Cassazione civile sez. VI, 20/05/2021, (ud. 13/01/2021, dep. 20/05/2021), n.13774

LA CORTE SUPREMA DI CASSAZIONE

SEZIONE SESTA CIVILE

SOTTOSEZIONE L

Composta dagli Ill.mi Sigg.ri Magistrati:

Dott. DORONZO Adriana – Presidente –

Dott. LEONE Margherita Maria – Consigliere –

Dott. ESPOSITO Lucia – rel. Consigliere –

Dott. PONTERIO Carla – Consigliere –

Dott.
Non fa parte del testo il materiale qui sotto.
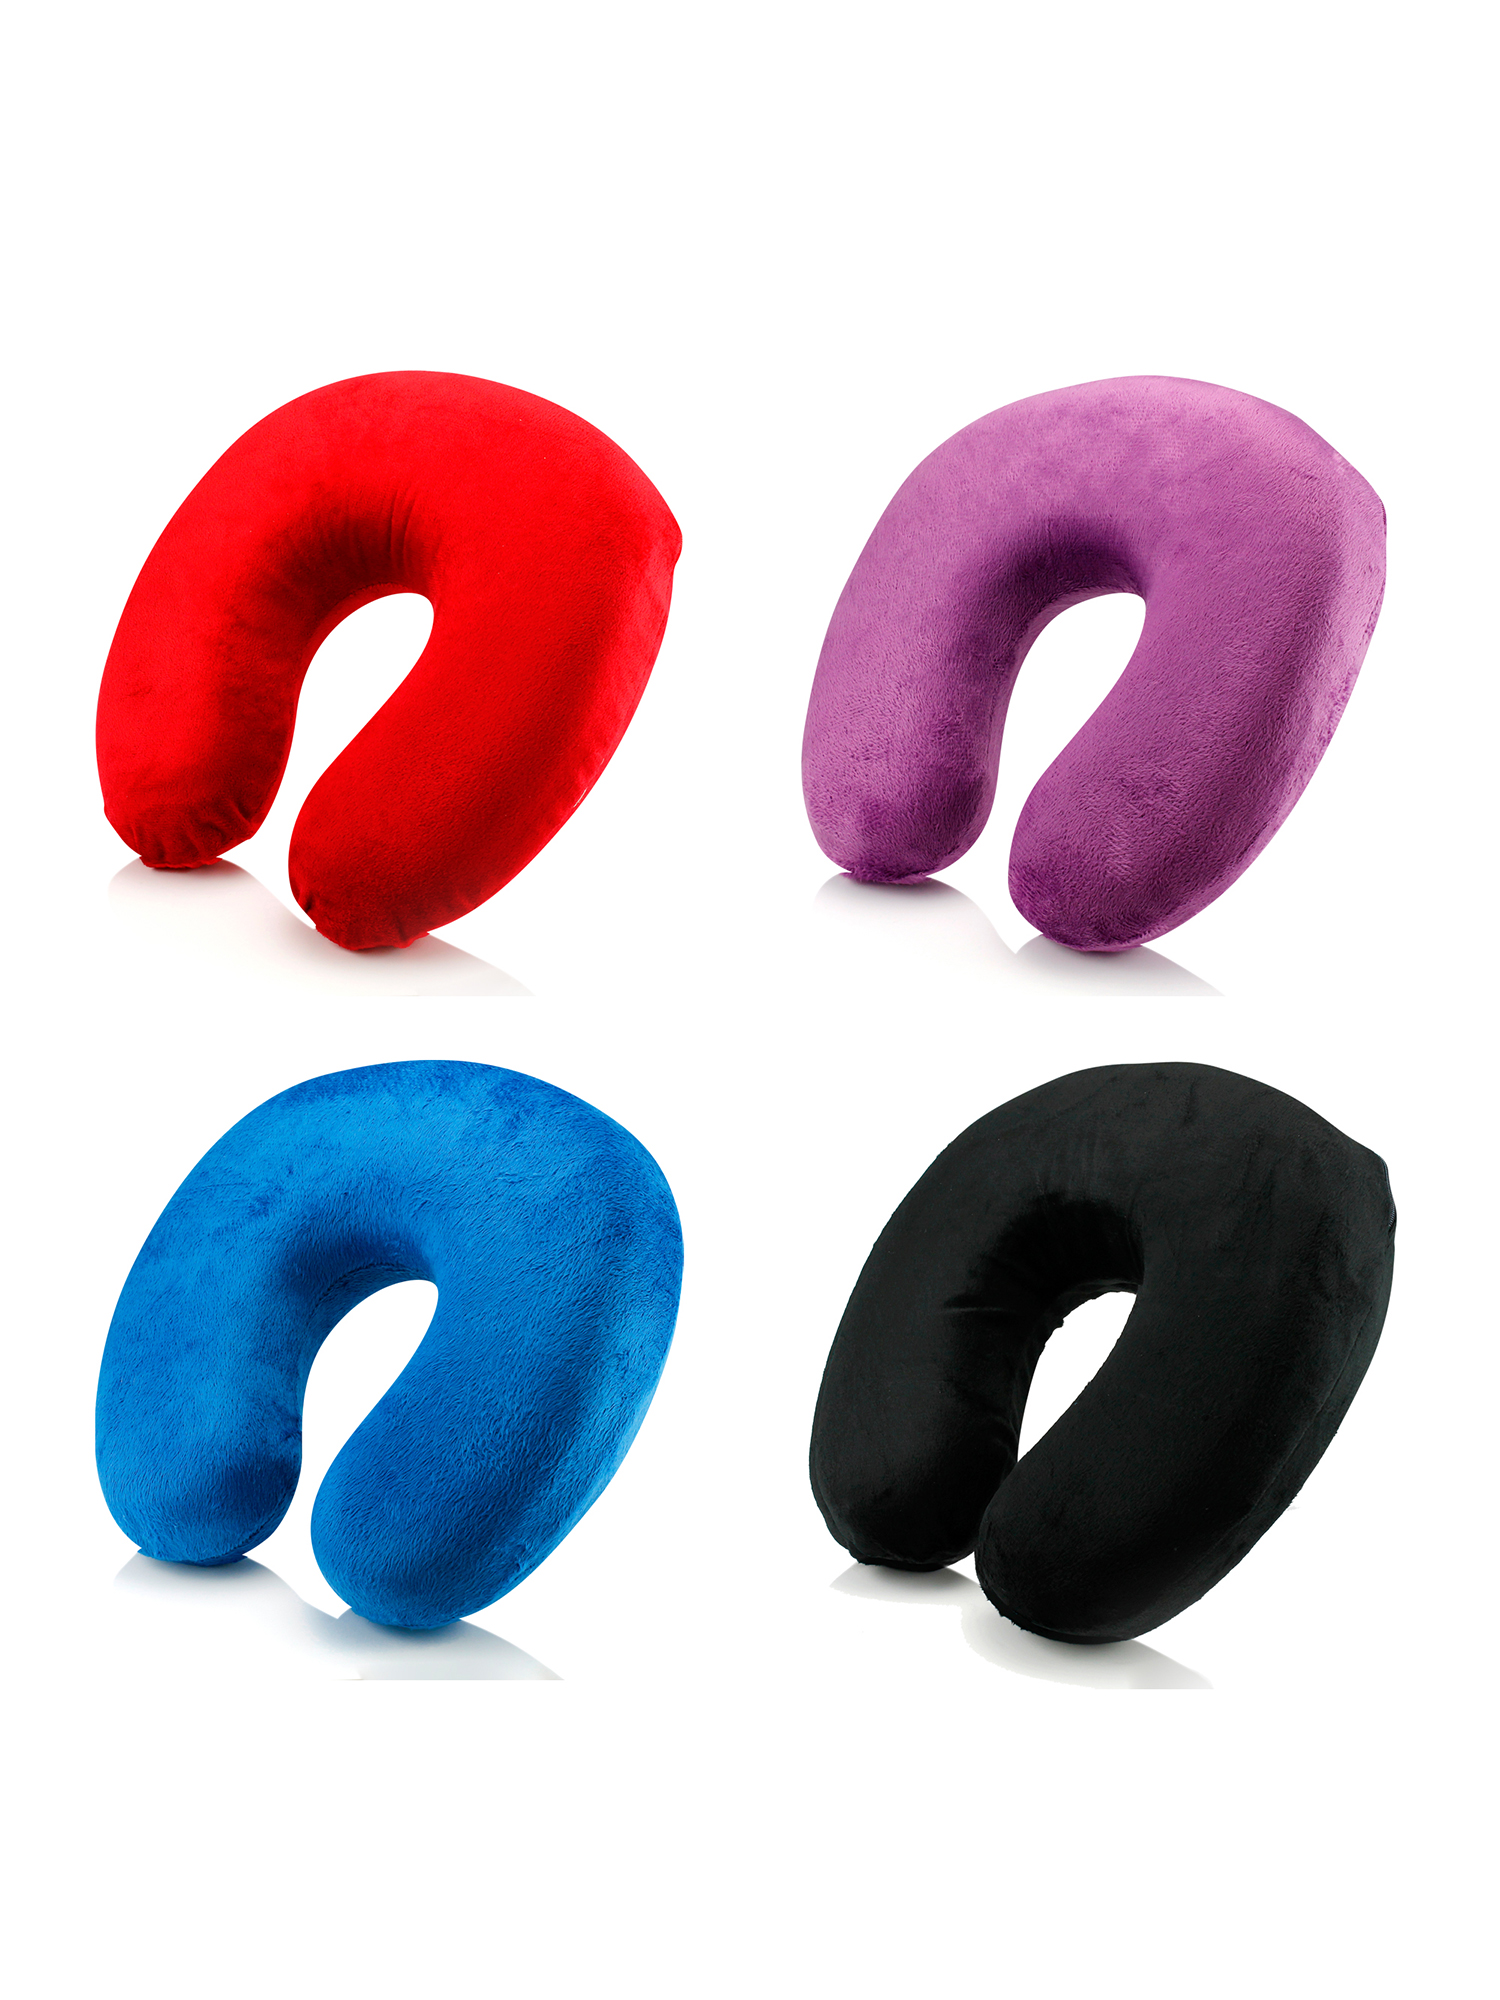 Travel Pillow Memory Foam Neck Cushion Support Rest Outdoors Car Flight - image 4 of 5

MARCHESE Gabriella – Consigliere –

ha pronunciato la seguente:

ORDINANZA

sul ricorso 28301-2019 proposto da:

M.G., elettivamente domiciliato in ROMA, V.LE BRUNO

BUOZZI 82, presso lo studio dell’avvocato FEDERICA IANNOTTA, che lo

rappresenta e difende unitamente all’avvocato GREGORIO IANNOTTA;

– ricorrente –

contro

BANCA DI CREDITO COOPERATIVO DI SAN VINCENZO LA COSTA SOC.COOP.R.L.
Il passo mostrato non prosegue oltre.